#### Data below
+ + + +

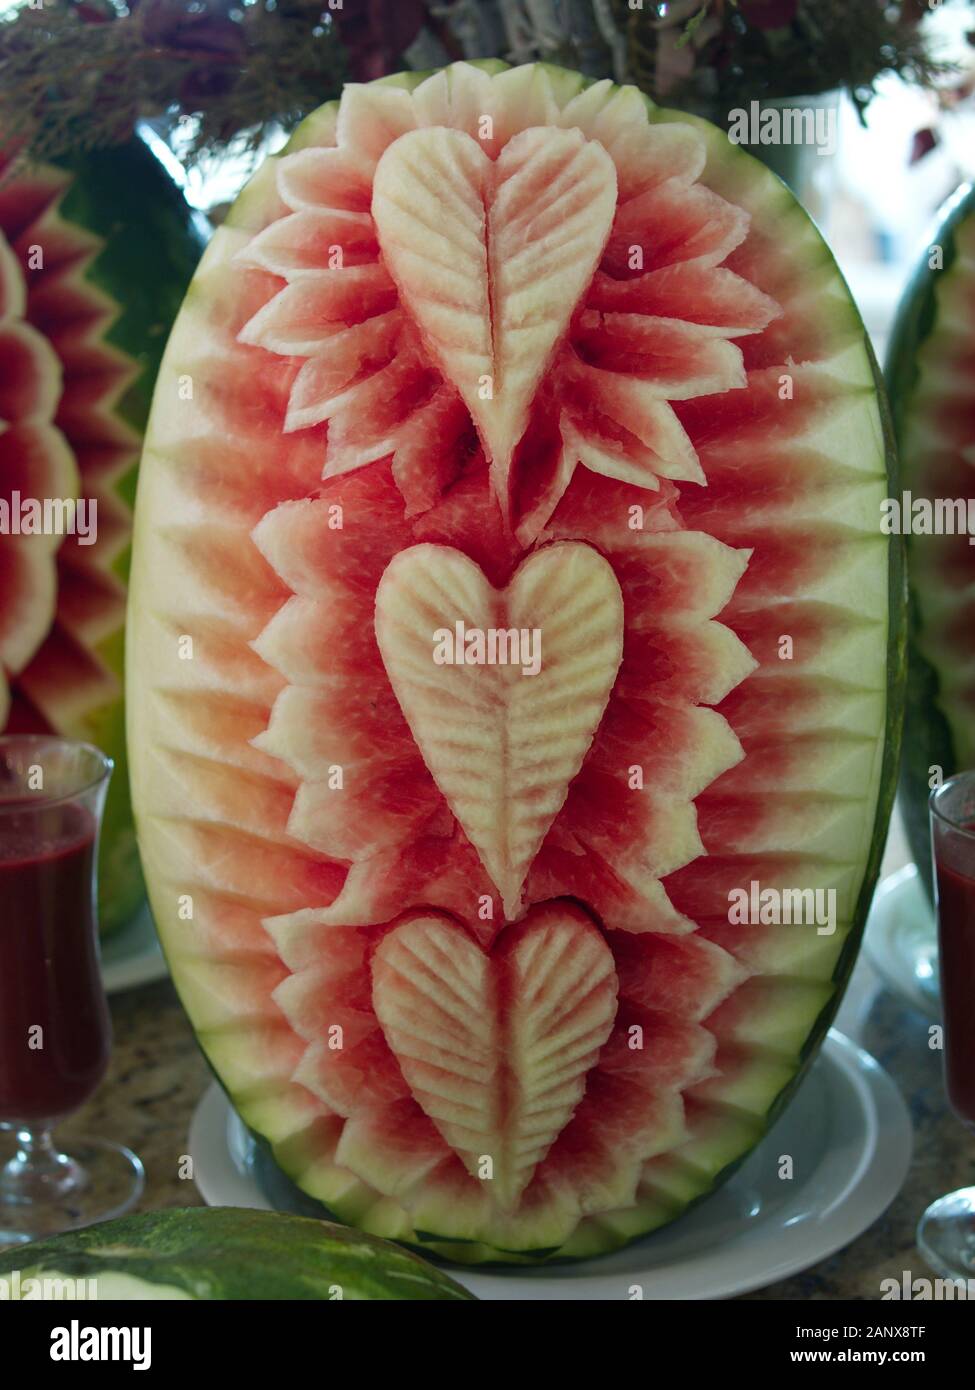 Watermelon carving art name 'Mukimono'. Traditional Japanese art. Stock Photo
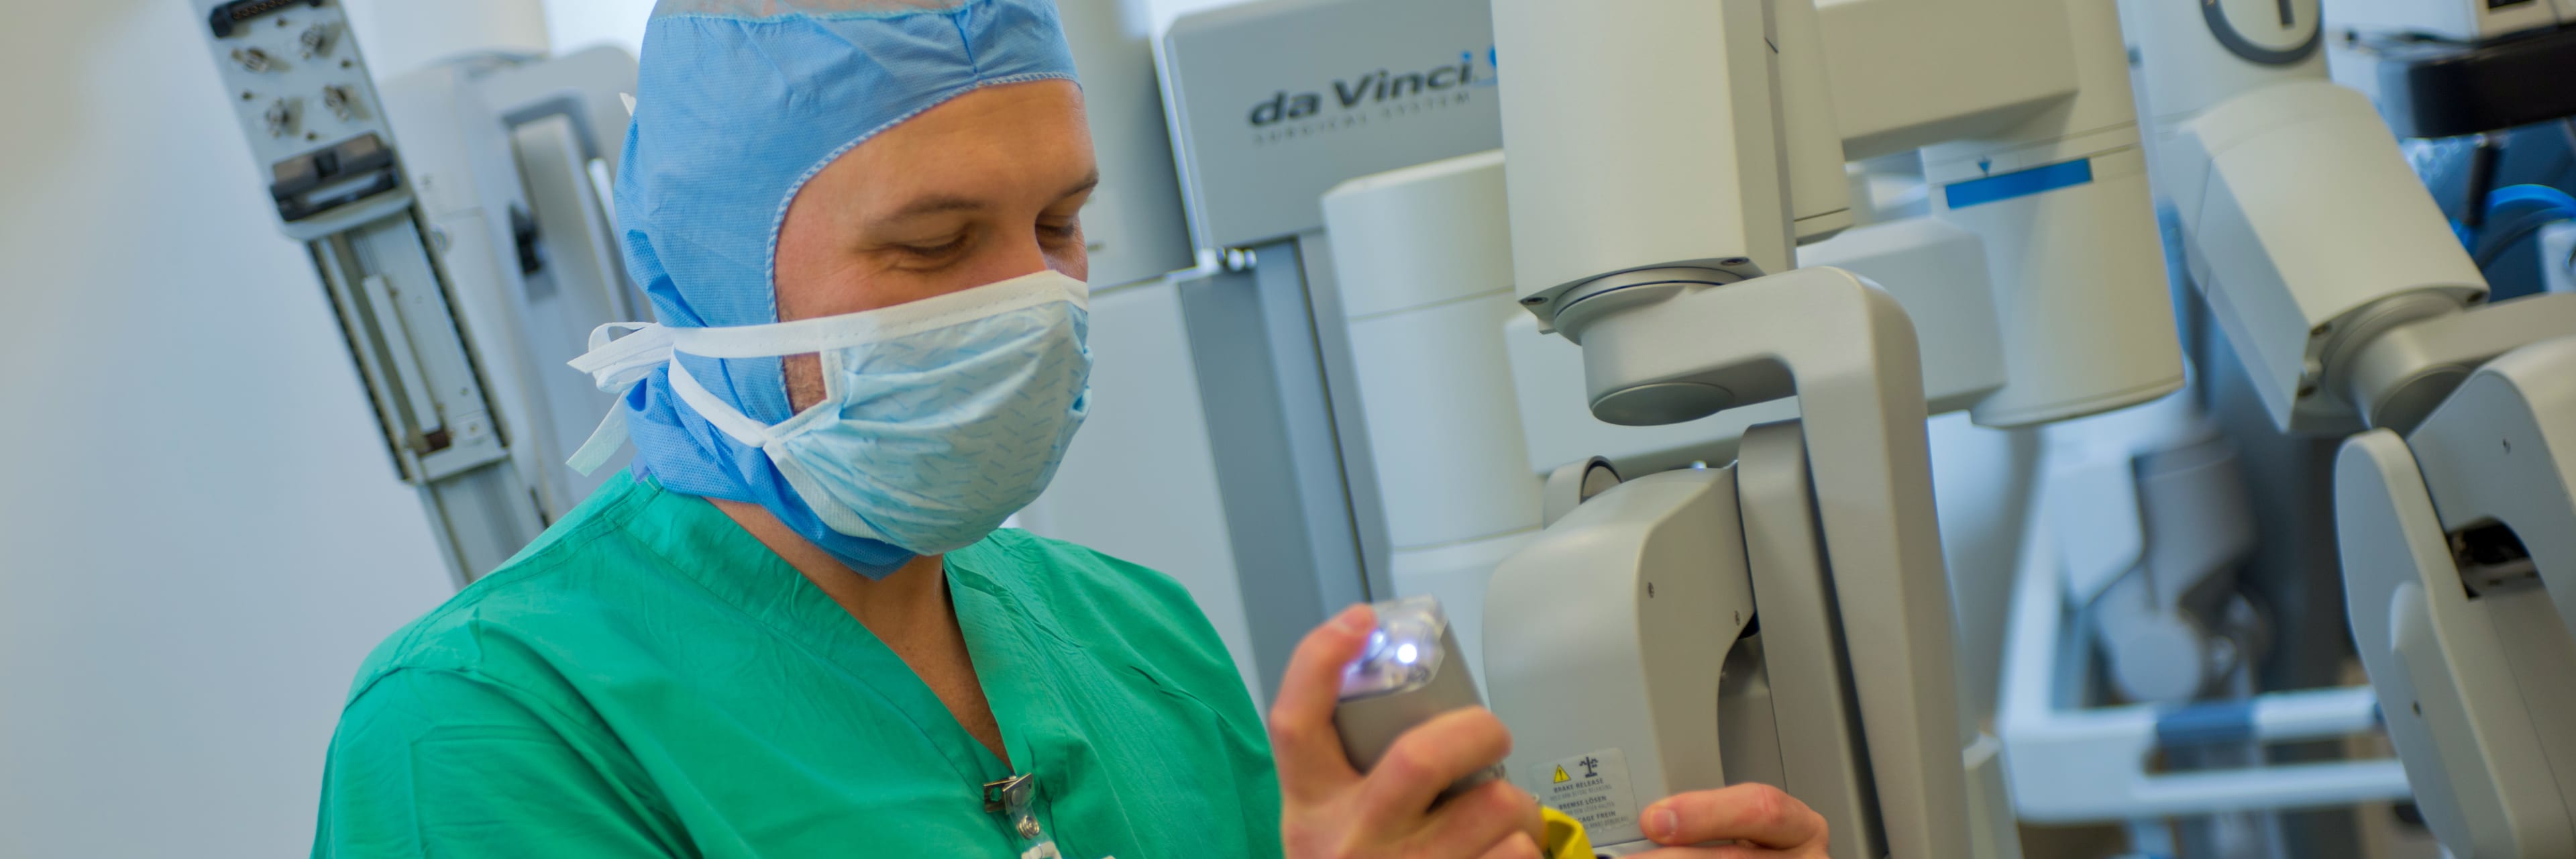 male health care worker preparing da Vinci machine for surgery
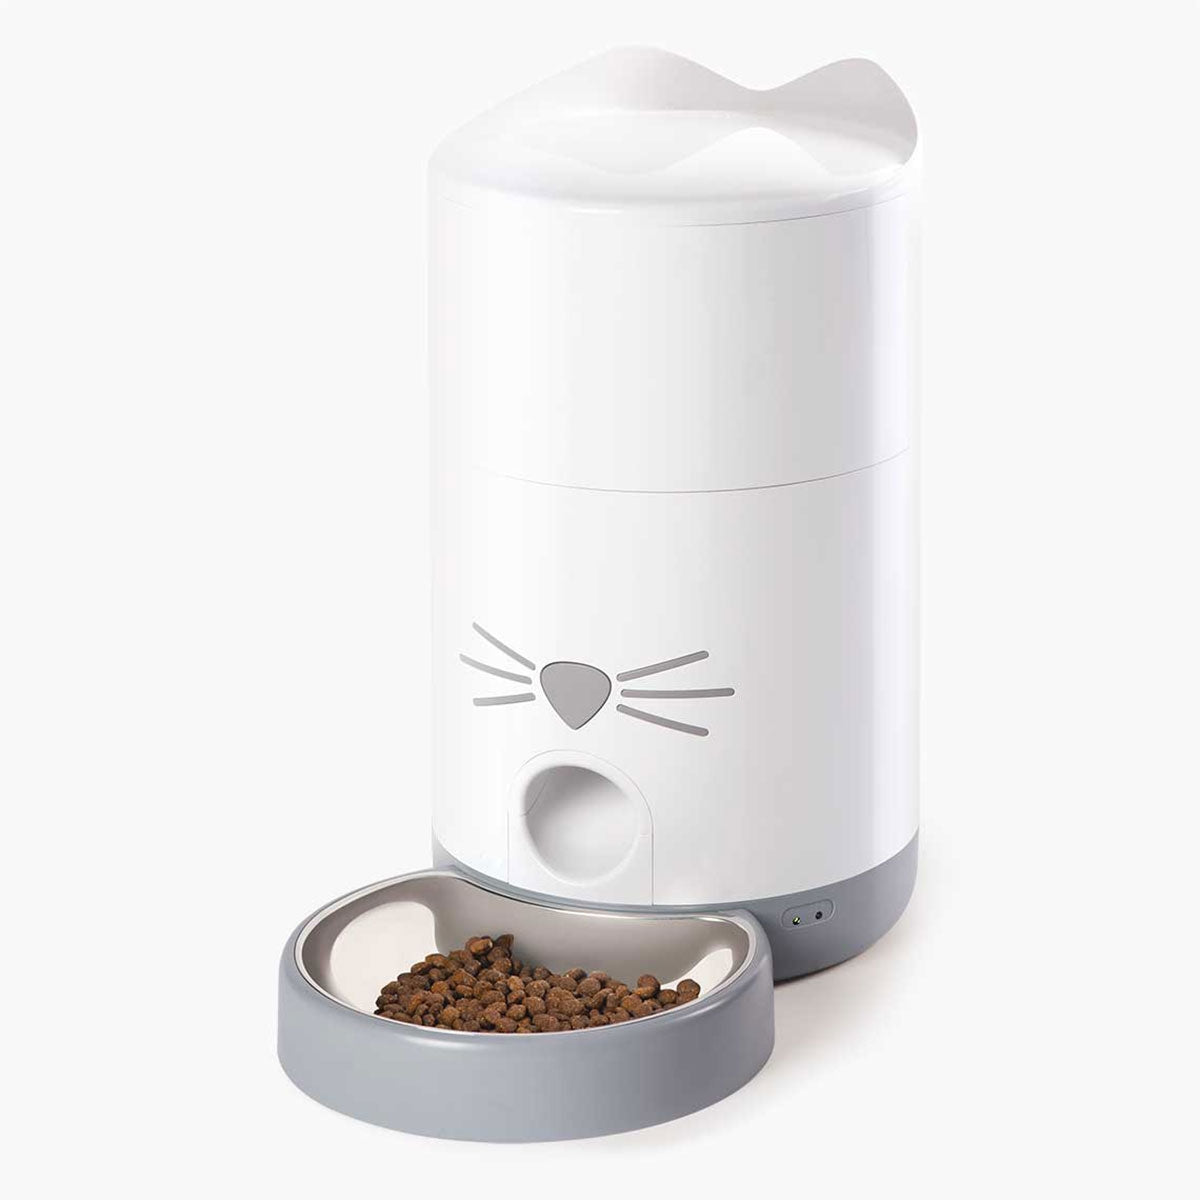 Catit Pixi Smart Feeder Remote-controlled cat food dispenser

+ + + +

#### Exercise instructions
Return the full listing above exactly as written, and omit the pictures.

#### Answer to this problem
 Watermelon carving art name 'Mukimono'. Traditional Japanese art. Stock Photo
 male health care worker preparing da Vinci machine for surgery
 Catit Pixi Smart Feeder Remote-controlled cat food dispenser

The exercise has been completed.